$ \left(2^\left(n+3\right) - 2^n\right)/14 $
My thought process behind solving it was to spilt the first 2 term into two separate terms then cancelling the 2^n leaving 2^3 over 14
$ (2^n \cdot 2^3-2^n)/14 $
$ (2^3)/14 = 8/14
$
however this is incorrect, how am i supposed to correctly simplify this equation?
Sorry about messing up the formatting so much
Are you having trouble simplifying this fraction? Well, you have failed to see that you can factor out $2^n$ from the expression in the numerator.
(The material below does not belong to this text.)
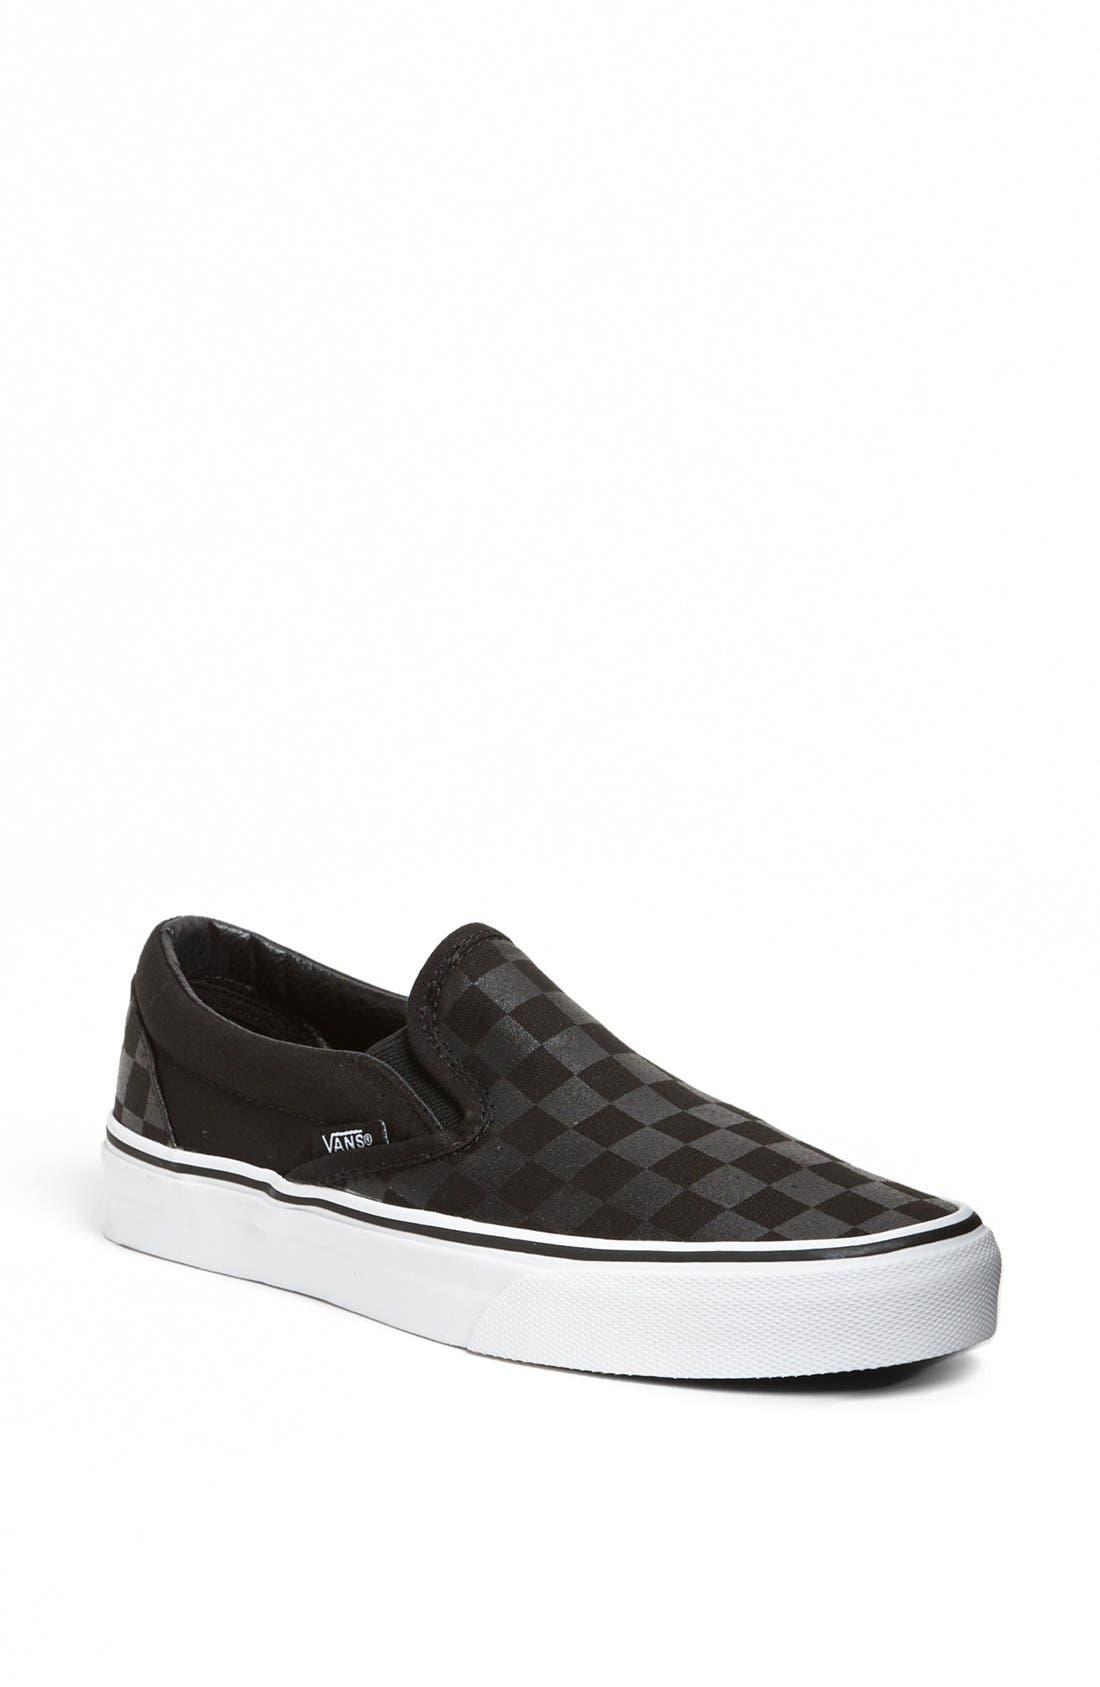 Main Image - Vans 'Classic' Sneaker (Women)

What you did there is an incorrect piece of mathematics. Memorize this fact: $ab \pm a=a(b \pm 1)$. The idea here is that if each term in an expression shares a common factor, you can bring it out front. Once you've factored out the $2^n$, the rest is pretty straightforward. Here's how it typically would be done:
$$ \frac{2^{n+3}-2^n}{14}= \frac{2^n\cdot 2^3 - 2^n}{14}= \frac{2^n(2^3 - 1)}{14}= \frac{2^n(8-1)}{14}= \frac{2^n \cdot 7}{14}= \frac{2^n}{2}= 2^n \cdot 2^{-1}= 2^{n-1} $$
And that's as far as you can go in terms of simplification.
Steps:
$2^{n+3}= 2^n2^3= 2^n×8.$
$(2^{n+3} -2^n) = 2^n(8-1)=7×2^n.$
$14=2×7$.
$\dfrac{7×2^n}{14}= 2^n/2^1= 2^{n-1}.$